Gene	baseMean	log2FoldChange	lfcSE	stat	pvalue	padj
569:SESN2	3300.76375790605	1.17287236809096	0.12848621513228	9.12839067508883	6.95250818634885e-20	1.88892792837562e-18
3716:SESN3	17.0386956857199	4.95373737025232	1.47874658384575	3.34995693269446	0.000808241260002863	0.00335741026227838
2081:RNF152	194.119883775655	2.10086818272997	0.413289928450142	5.08327940777152	3.70973364127672e-07	2.75233699770108e-06
516:FNIP1	1930.33007204913	1.24242266804123	0.13127196415632	9.46449362608557	2.94986835668341e-21	8.83929485055113e-20
1283:RRAGD	1456.7014491063	0.983690212197364	0.149981743183038	6.55873302523804	5.42668562486674e-11	6.53234107355254e-10


Some of the target genes are strongly up-regulated (logFC > 2, SESN3 and RNF152) and all of them have a p.adj << 0.05. 

## Use arbitrary thresholds to create lists of up- and down-regulated genes
* careful: there are a lot of genes without detected expression, they have NA in the logFC column; so column 3 ($3) should not be "NA" 
* we're using awk to filter this file, selecting only rows where the logFC (column 3, indicated by "\$3") is higher than a threshold; and the padj is lower than a threshold
* print ; => prints all the columns of the rows that fulfill our requirements

In [8]:
#for upregulated genes
awk '$3 != "NA" && $3 > 1 && $7 < 0.05 {print ;}' deseq.results.tsv | head

TRIB3	36600.4315336803	2.48543044630668	0.0779717448011289	31.8760398737505	5.73672780705973e-223	8.85291835185458e-219
KLHL24	4847.29869700644	3.36267305287895	0.108147118045263	31.0935058988031	2.94810669591521e-212	2.27475912656818e-208
ERN1	4078.53023433434	3.19018707375091	0.111268272060618	28.6711298258763	8.74222058199542e-181	4.49699826737844e-177
CCNG2	4124.3175609276	2.65598509930236	0.126142852841655	21.0553752310991	2.04160392227355e-98	2.25043083775181e-95
GAB2	14599.4239512536	1.81376286161911	0.0873797771817557	20.7572383464239	1.05455403953301e-95	9.57286937533731e-93
BCL6	1194.4266594512	3.59181275019564	0.177026184906727	20.2897257944531	1.58476562930854e-91	1.16457634245188e-88
BTG1	5550.2127505016	1.91939019607031	0.0956493633455828	20.0669416808926	1.43571908292966e-89	1.00709167671684e-86
CREBRF	1836.08082937412	2.89655823362226	0.14944761567109	19.3817627709573	1.10013203569986e-83	7.38140764126968e-81
JHDM1D	4081.27742031124	2.10136844400433	0.114253320688849	18

Now print only the first column with the gene names (either up- or down- regulated) and sent it to an output file.
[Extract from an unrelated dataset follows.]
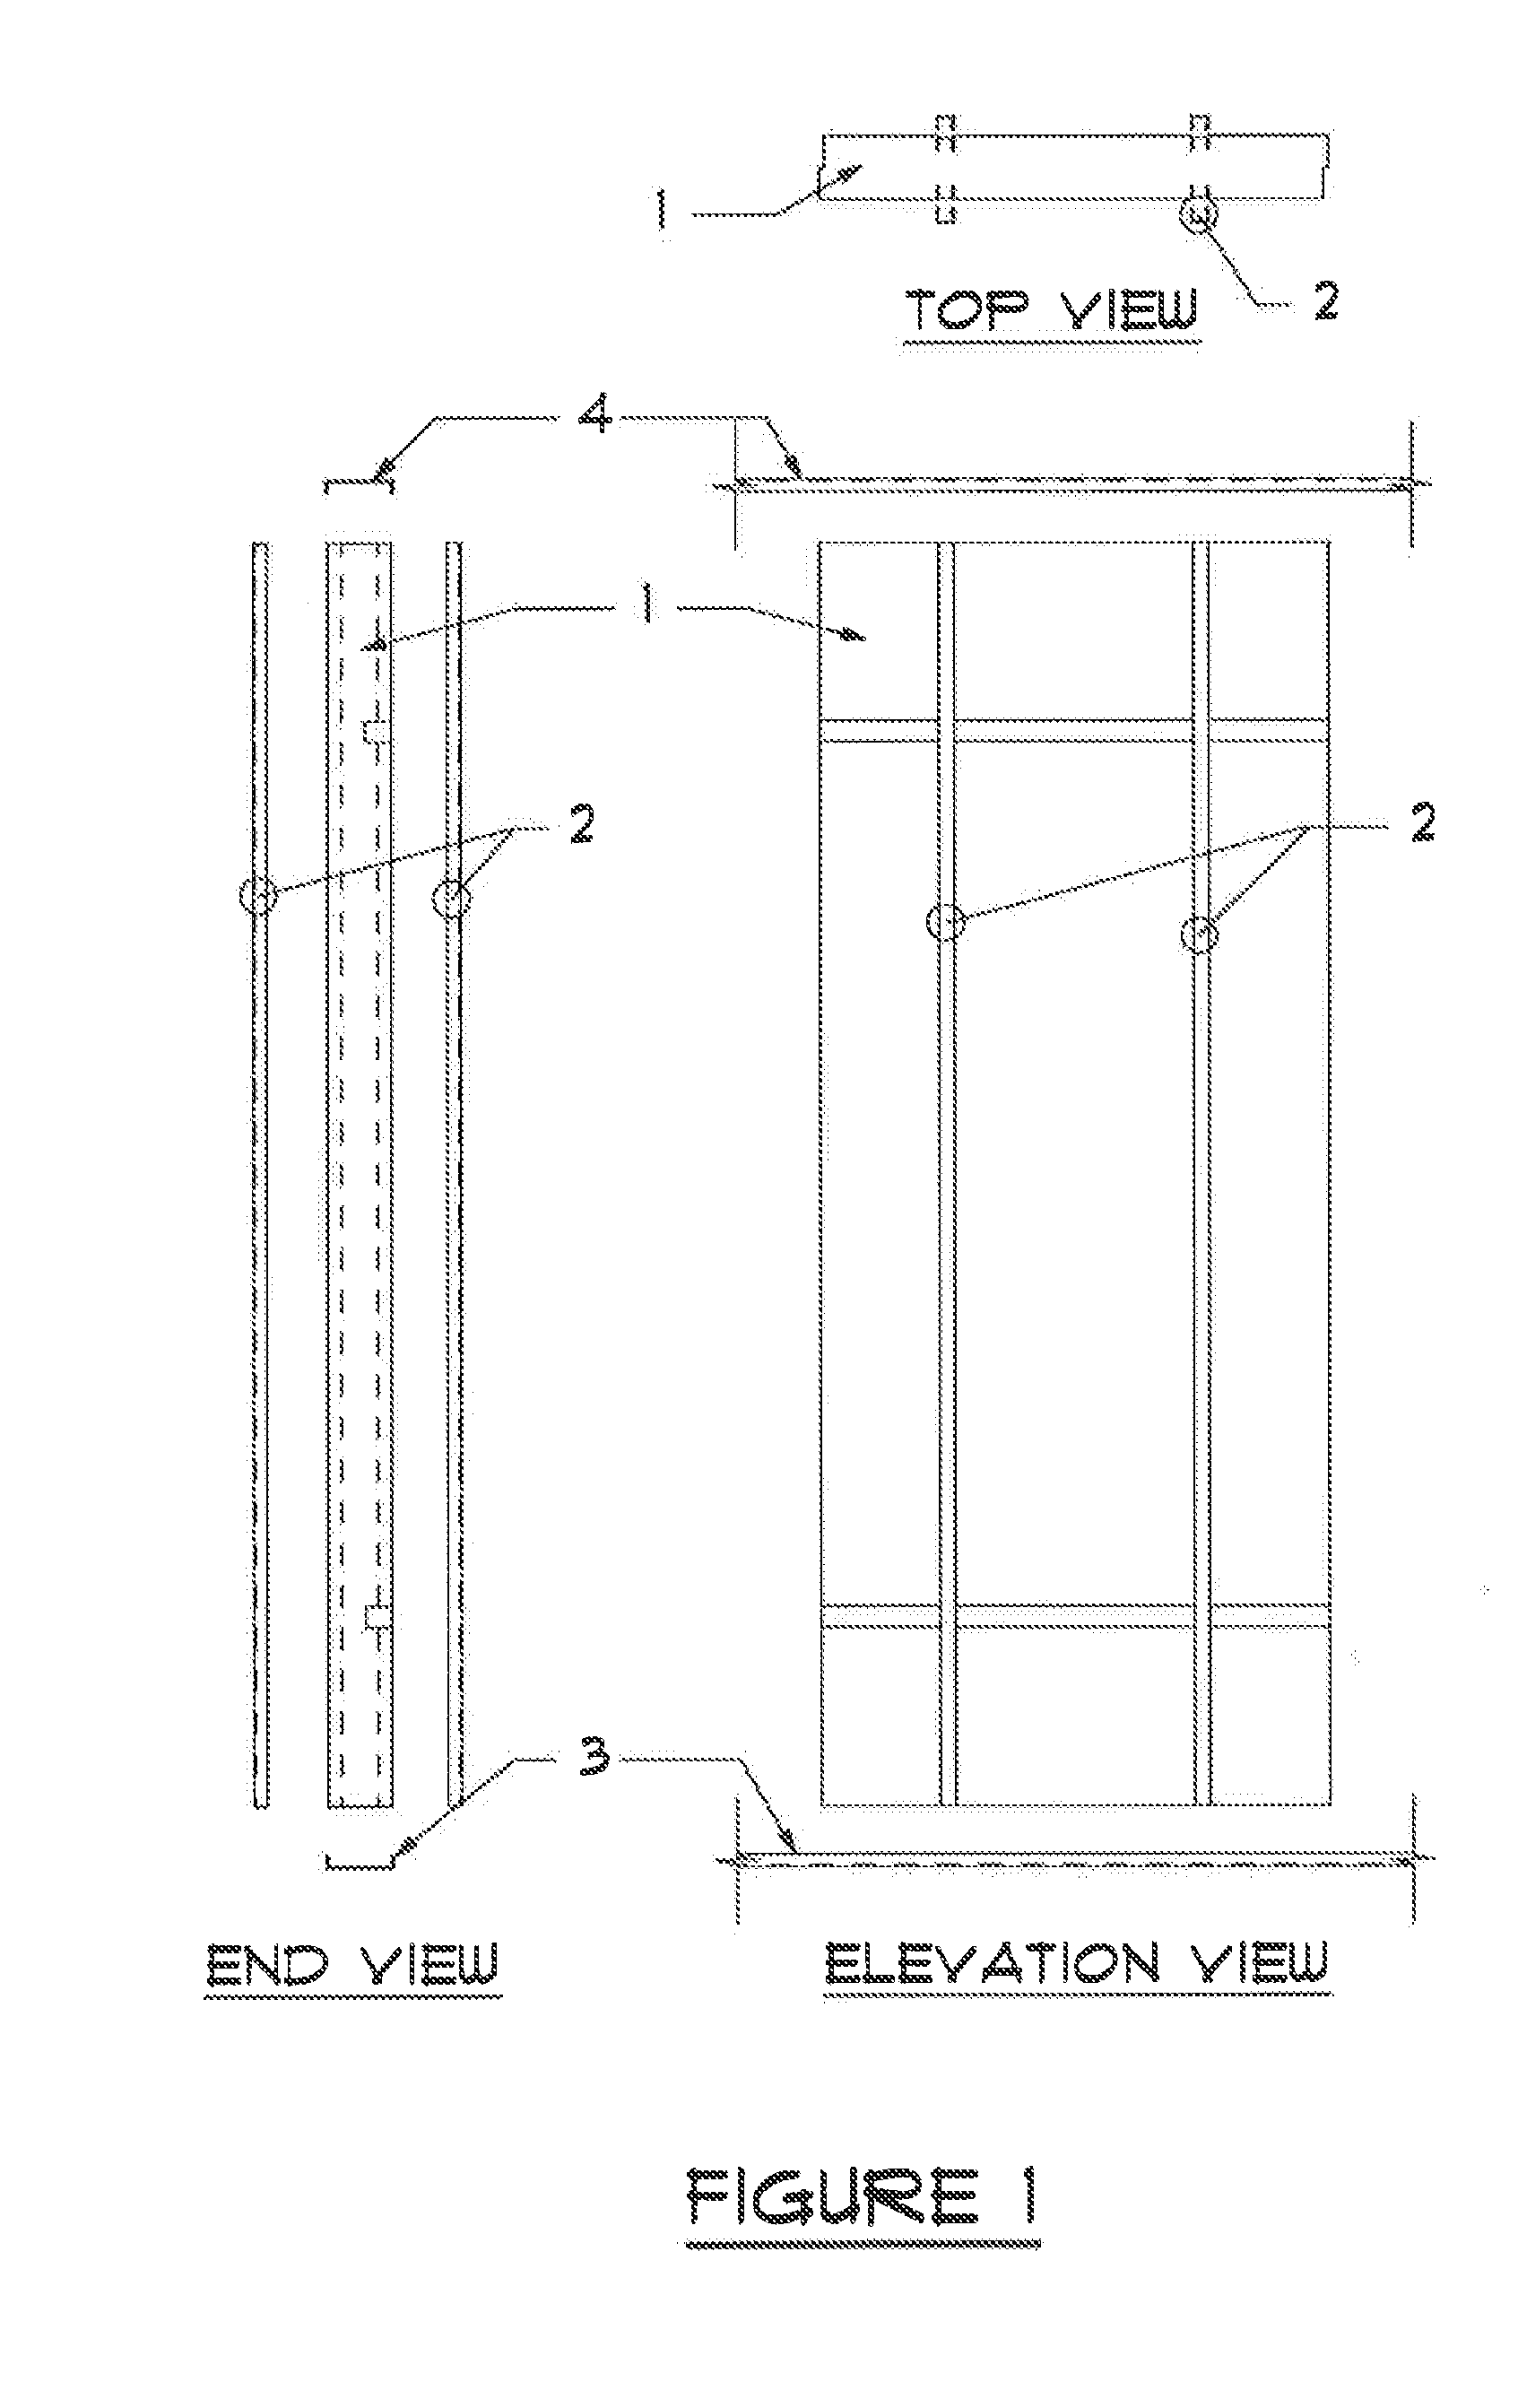 Construction system using interlocking panels

Additionaly, the number of genes is printed in the standard output:

In [69]:
#upregulated genes
awk '$3 != "NA" && $3 > 1 && $7 < 0.05 {print $1}' deseq.results.tsv | head
awk '$3 != "NA" && $3 > 1 && $7 < 0.05 {print $1}' deseq.results.tsv > up-logFC1-p05.txt
wc -l up-logFC1-p05.txt
#downregulated genes
awk '$3 != "NA" && $3 < -1 && $7 < 0.05 {print $1}' deseq.results.tsv | head
awk '$3 != "NA" && $3 < -1 && $7 < 0.05 {print $1}' deseq.results.tsv > down-logFC1-p05.txt
wc -l down-logFC1-p05.txt

TRIB3
KLHL24
ERN1
CCNG2
GAB2
BCL6
BTG1
CREBRF
JHDM1D
IRS1
PRDX1
LDHA
HSP90AA1
SLC29A1
UNG
MCM4
SEMA7A
PAICS
PKM
ODC1
732 up-logFC1-p05.txt
914 down-logFC1-p05.txt


In [8]:
grep -n RRAGD up-logFC1-p05.txt
grep -n FNIP1 up-logFC1-p05.txt
grep -n SESN2 up-logFC1-p05.txt
grep -n SESN3 up-logFC1-p05.txt
grep -n RNF152 up-logFC1-p05.txt

129:FNIP1
142:SESN2
513:SESN3
359:RNF152


: 1

Note that 732 genes were considered as upregulated while 914 as downregulated. The two amounts are higher than the ones that were found in the analysis of the related paper. 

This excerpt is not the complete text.